Let's assume "x" represents the number of brand A heart-rate watches purchased, and "y" represents the number of brand B heart-rate watches purchased.
From the given information, we know the following:
1. The cost of brand A watches is $35.77 each. Therefore, the total cost of brand A watches is 35.77x.
2. The cost of brand B watches is $56.77 each. Therefore, the total cost of brand B watches is 56.77y.
3. The organization purchased a total of 35 watches. Therefore, the total number of watches is x + y.
Now, we can set up the equations using the given information:
Equation 1: 35.77x + 56.77y = 1504.95 (the total cost of the watches is $1504.95)
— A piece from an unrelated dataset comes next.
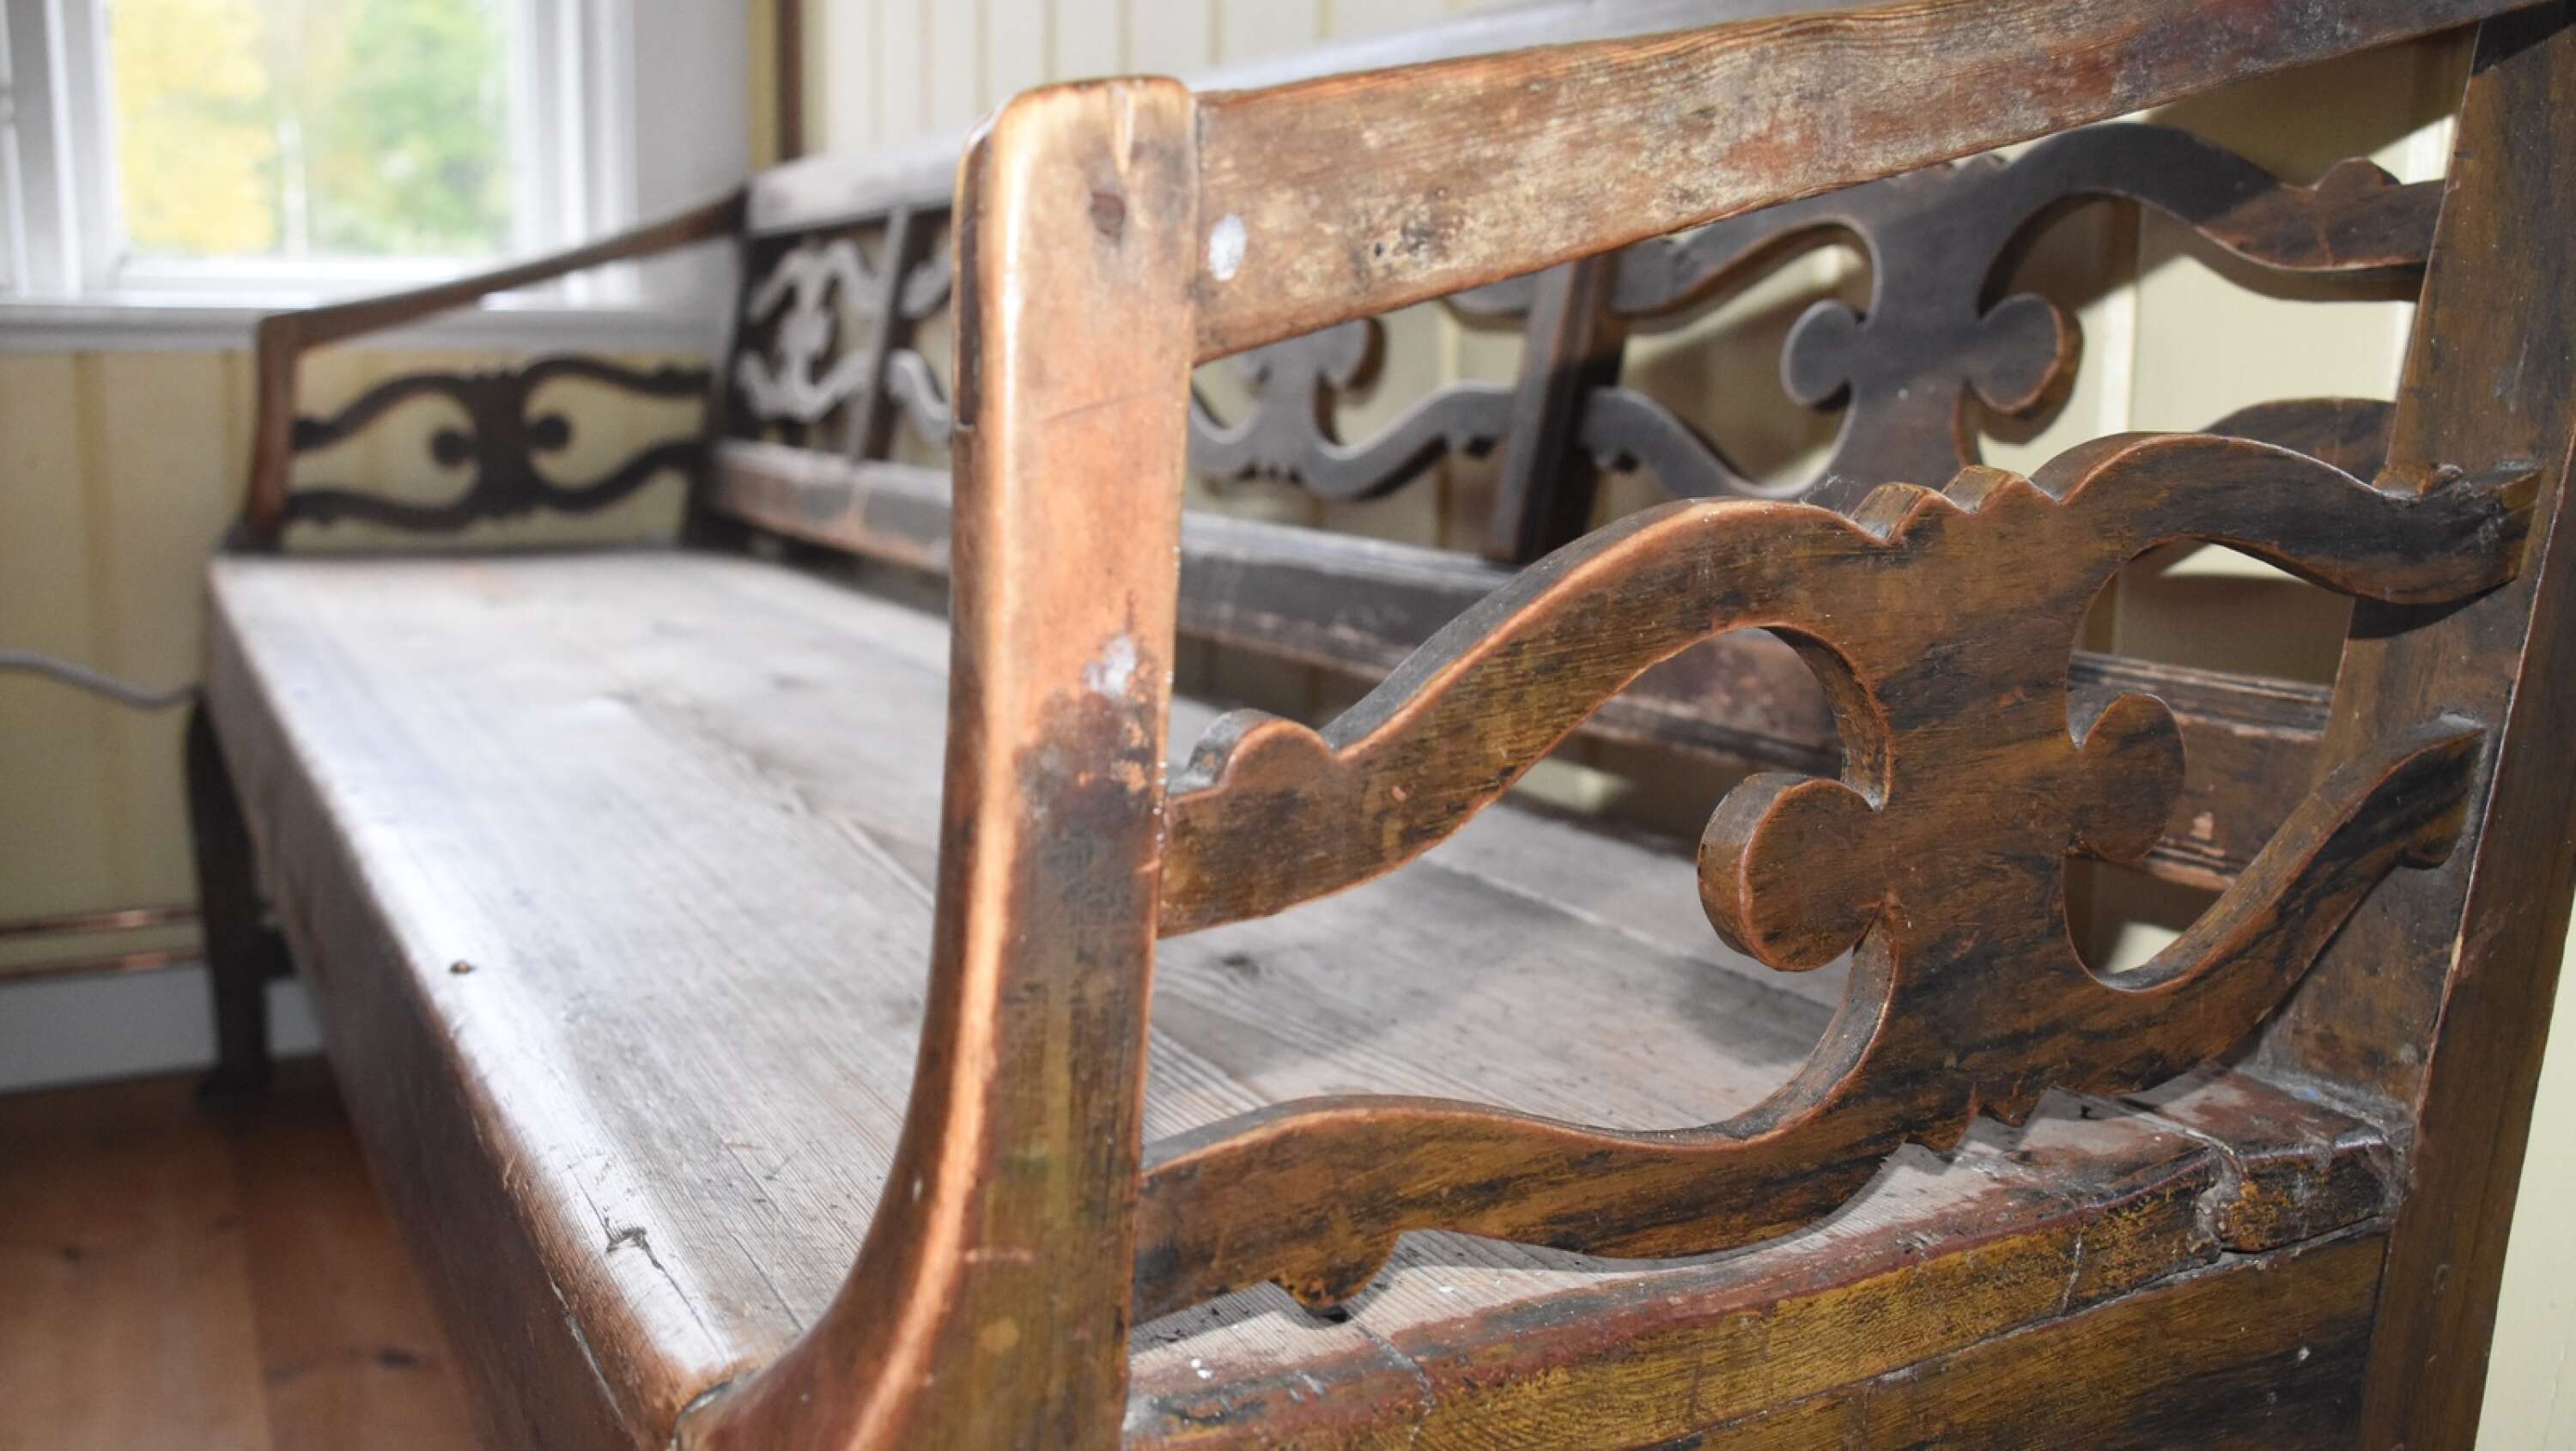 Soffan i Lillstugan är gårdens äldsta bevarade möbel. Den kan härledas till 1700-talet och finns omnämnd i boken ”Anor och minnen Svenska släktgårdar genom sekler” av Sigurd Örjangård.
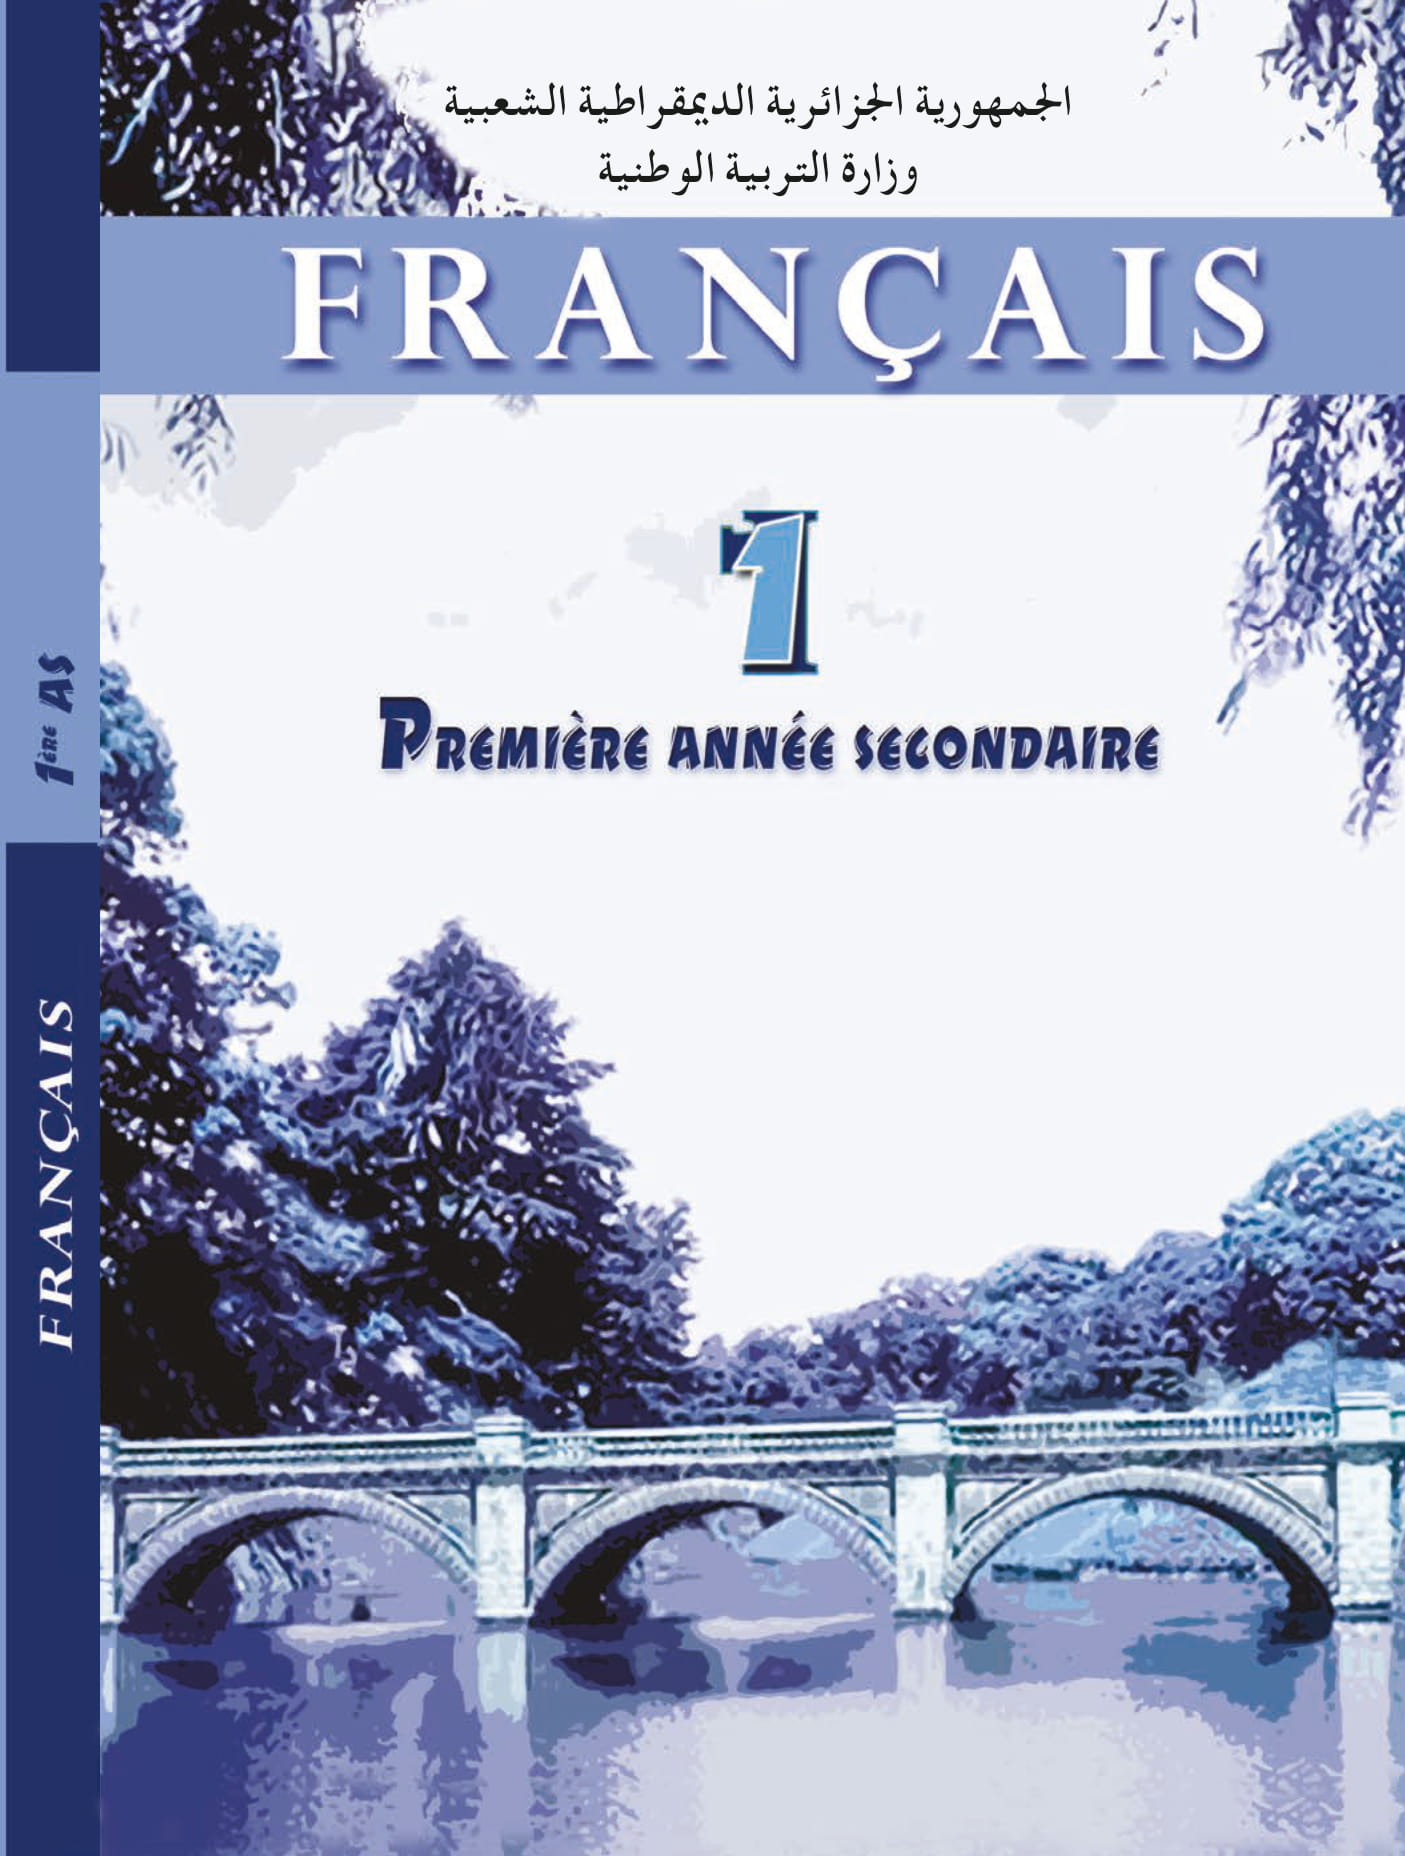 MS 1112 Couverture Francais 1AS 1 - الديوان الوطني للمطبوعات المدرسية

Equation 2: x + y = 35 (the total number of watches is 35)
To solve this system of equations, we can use substitution or elimination method. In this case, let's use the substitution method:
From Equation 2, we can rewrite it as x = 35 - y
Substitute x = 35 - y into Equation 1:
35.77(35 - y) + 56.77y = 1504.95
Simplify the equation:
1249.95 - 35.77y + 56.77y = 1504.95
Combine like terms:
20.00y = 255.00
Solve for y:
y = 12.75
Now substitute the value of y back into Equation 2 to find x:
x + 12.75 = 35
x = 22.25
Thus, the organization purchased 22 brand A heart-rate watches and 12 brand B heart-rate watches.